Ha! Okay? No. He wasn’t okay. In fact, he’d probably never be okay again…
He glanced down at the lovely little Secret Service agent. Her smile was soft and hesitant, yet warm…like a low winter sun rising over Lake St. Clair on the east side of Detroit. It made his stomach flip. Hell’s bells, she deserved more than this, better than him. He told her as much.
A little crease formed between her sleek, arching eyebrows. “What do you mean?”
“I’m not worth your time,” he elaborated. “I’m still too fucked up.”
“Fucked up about what?” Her big brown eyes were curious…kind. And it was her eyes that’d been doing a number on him since the moment they met, when it was blammo! Instant connection. He’d never felt anything like it. Not even with Patti. And, yeah, that made it so much worse.
“You don’t know?” How could she not? He thought the word widower was stamped across his forehead right beneath the word alcoholic.

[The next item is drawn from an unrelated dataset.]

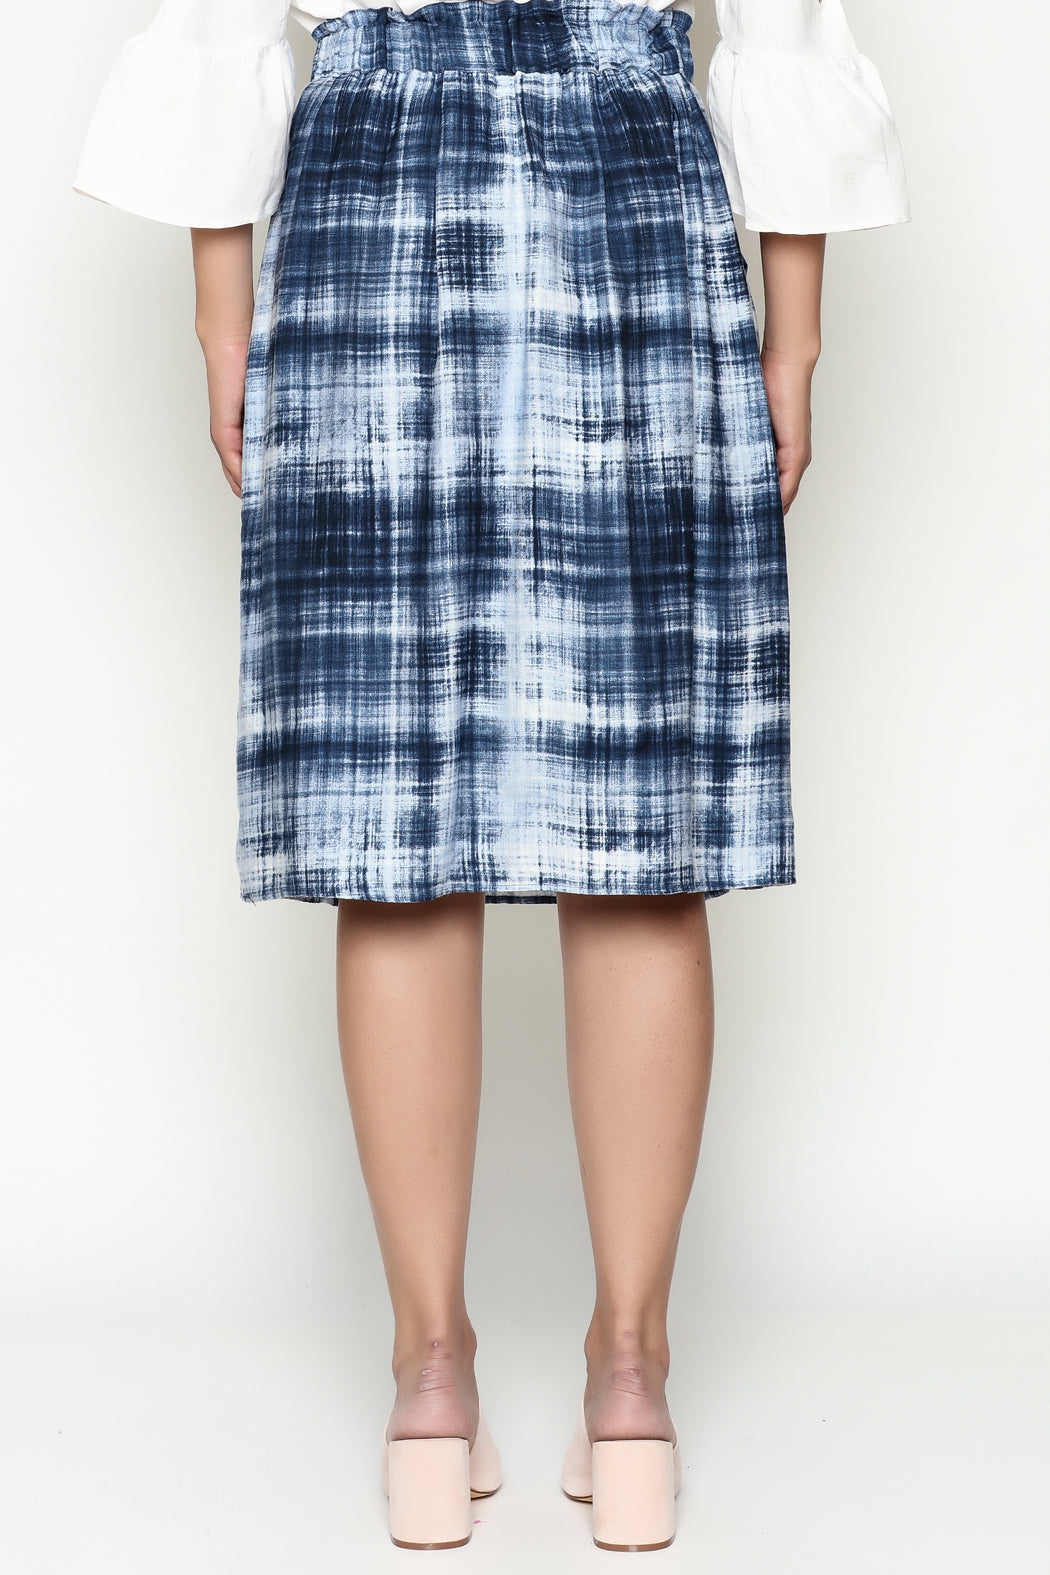 midi skirt, printed skirt
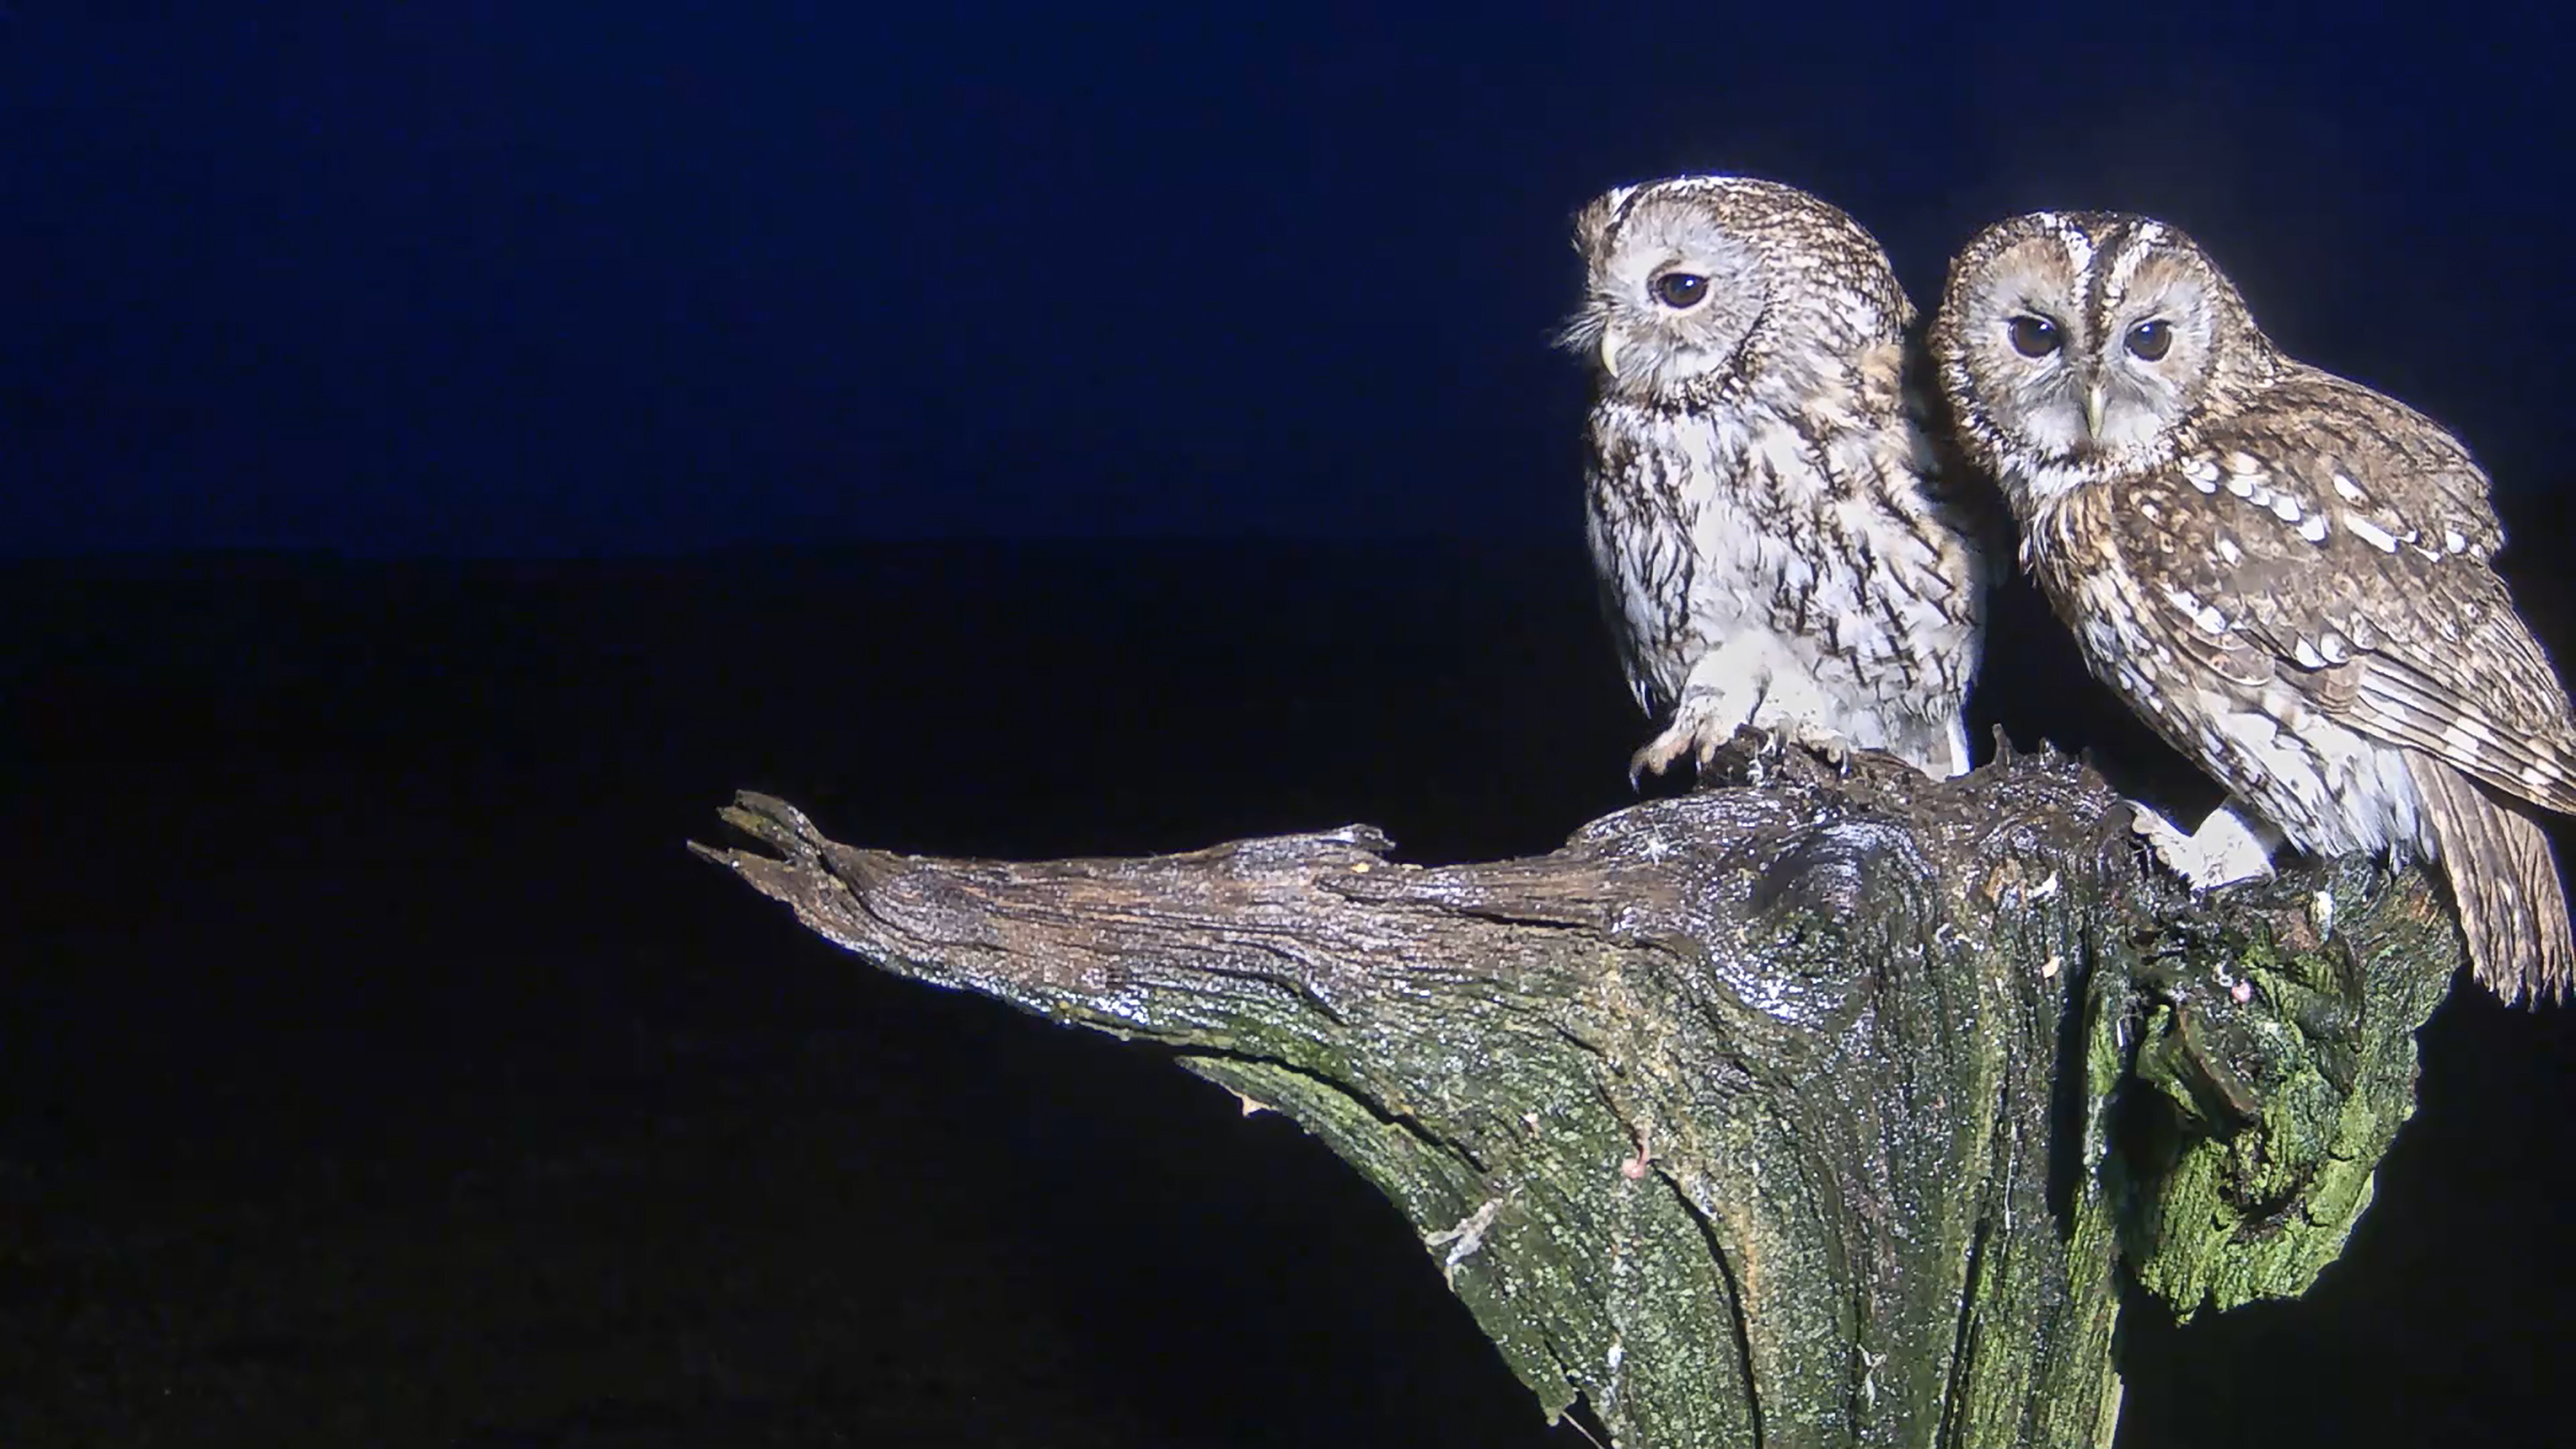 Tawny owls Luna and Bomber. Photo: courtesy of Robert Fuller

“No.” She shook her head, her eyes softening further, melting into him. Melting him.
She really didn’t know. And it was a relief, in a way. He hated being pitied. On the other hand, it was that much more embarrassing to be standing here, a real-life walking, talking erectile dysfunction commercial.
The thought God, I need a drink was immediately followed up by One day at a time. And that was progress, he supposed.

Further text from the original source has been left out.